Der zweiten Frage nachzustellen dünkt mir langweilig, daher rasch etwas zu Ecstasy: eine dumme Droge. Man streichelt die ganze Zeit nur äußerst unstreichelnswerte Dinge und der Geschmacksbildung tut es auch nicht gut. In meinem Bekanntenkreis finden sich tatsächlich Frühzwanziger, die – statt zu distinguiert gewählter Musik auf der Straße Barrikaden gegen was auch immer zu errichten – freiwillig Goa-Musik hören. IM JAHR 2013!!!  Und warum? Weil sie ständig auf Ecstasy sind. Das reicht Ihnen noch nicht als Argument gegen Phenylethylamine? Nehmen Sie dies: Kürzlich saß ich in meiner Lieblingskneipe, als eine Truppe berauschter junger Leute hereingetorkelt kam. „So, jetzt können wir alle mal in Ruhe studieren, was Ecstasy-Konsum auslöst“, raunte ich meinen Beisitzern zu. Zunächst ging die Sache auch noch gut: Die jungen Menschen tanzten ausgelassen, wild den Partner wechselnd. Ab und zu warf man sich kurz erschöpft in ein Sitzmöbel, vermaß in aller Gründlichkeit den Tisch, studierte seine Textur, sprang aber rasch wieder auf und zappelte weiter herum. Soweit, so glimpflich. Dann aber geschah es: Eine junge Frau aus der Runde der MDMA-Aktivisten entdeckte, dass die Sitzgruppe, in der sie kurz Luft schöpfte, mit zur Decke führenden Stangen ausgestattet war. Stangen, die an jene denken ließen, die von karg beschürzten Damen in Nachtclubs gerne umschlungen werden. Nach eben diesem Stangenumschlingen stand der euphorisierten jungen Dame auch der Sinn: Sie stand auf, umgriff die Stange, nahm Schwung – und knallte bei ihrer Drehung mit großem Jucheisassa gegen einen tief hängenden Scheinwerfer. Meine Beisitzer und ich waren begeistert: Sollte man uns je wieder den Ecstasy-Napf herüberschieben, wir schöben ihn mit noch größerer Entschiedenheit zurück als bisher!

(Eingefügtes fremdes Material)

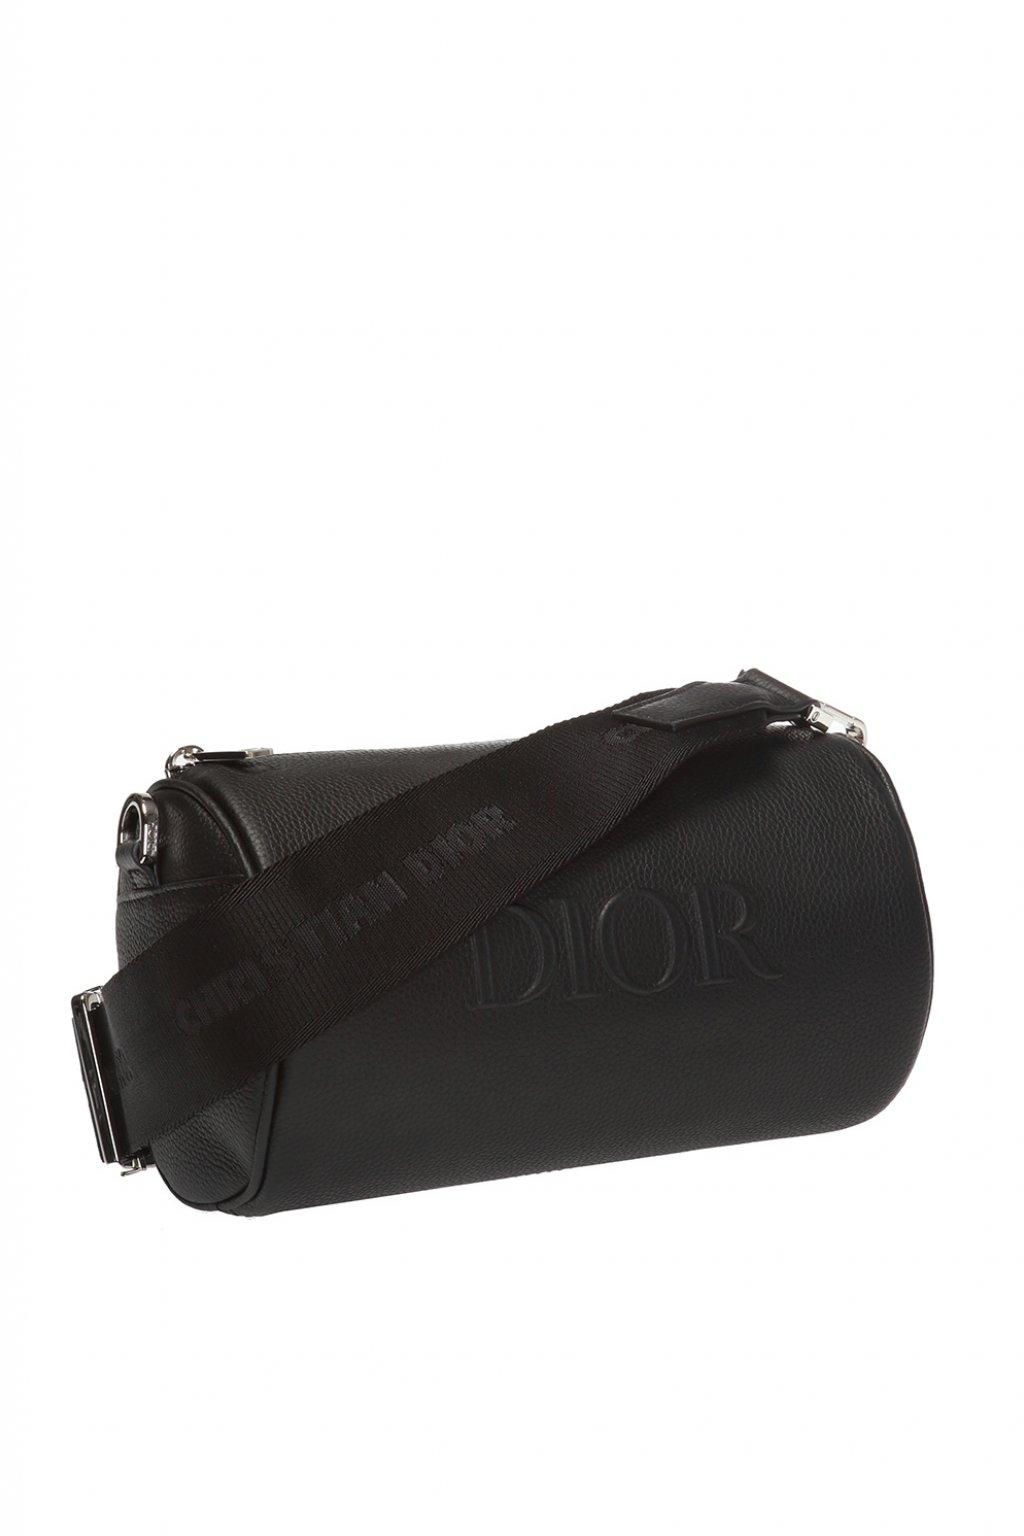 dior roller pouch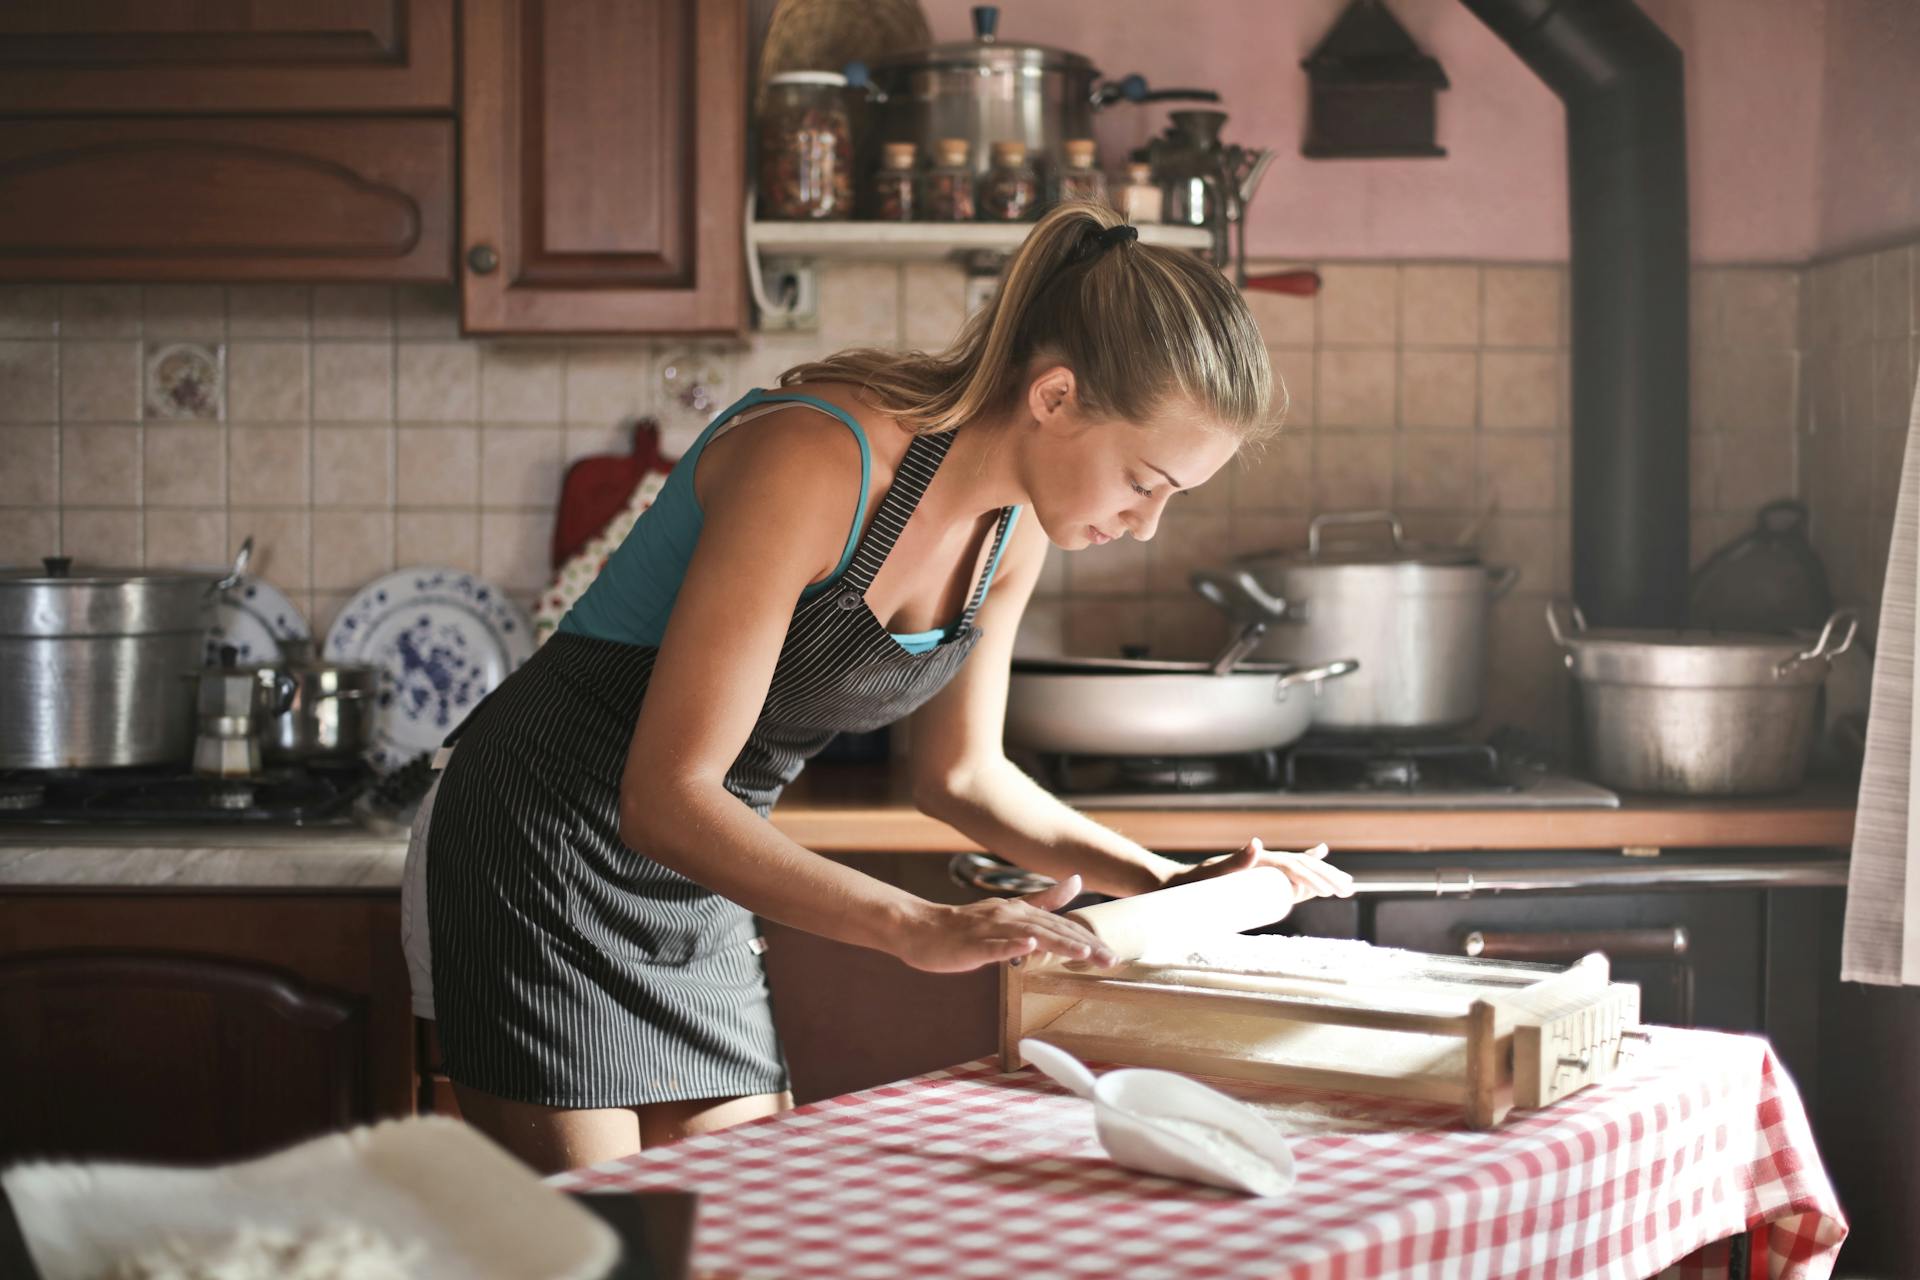 Eine junge Frau rollt Teig zum Backen in der Küche aus | Quelle: Pexels

Über Viagra weiß ich nicht viel. Ich bin noch nie Menschen begegnet, die Viagra genommen haben. Jedenfalls nicht, dass ich wüsste … Ich glaube, ich möchte, nachdem ich von Steve Aokis unglücklichem Mischpult-Zwischenfall gehört habe, auch niemals Popstars erleben, die Viagra genommen haben. Andererseits: Vielleicht gibt es ja ganze Alben, die auf Viagra aufgenommen wurden? Womöglich gilt es ja, das Spätwerk von Prince ganz neu zu deuten? Auch eine Studie zum Thema „Lover’s Rock und Viagra“ kann wohl kaum länger aufgeschoben werden. Der Pop-Journalismus ist noch lange nicht am Ende. Es gibt viel zu tun.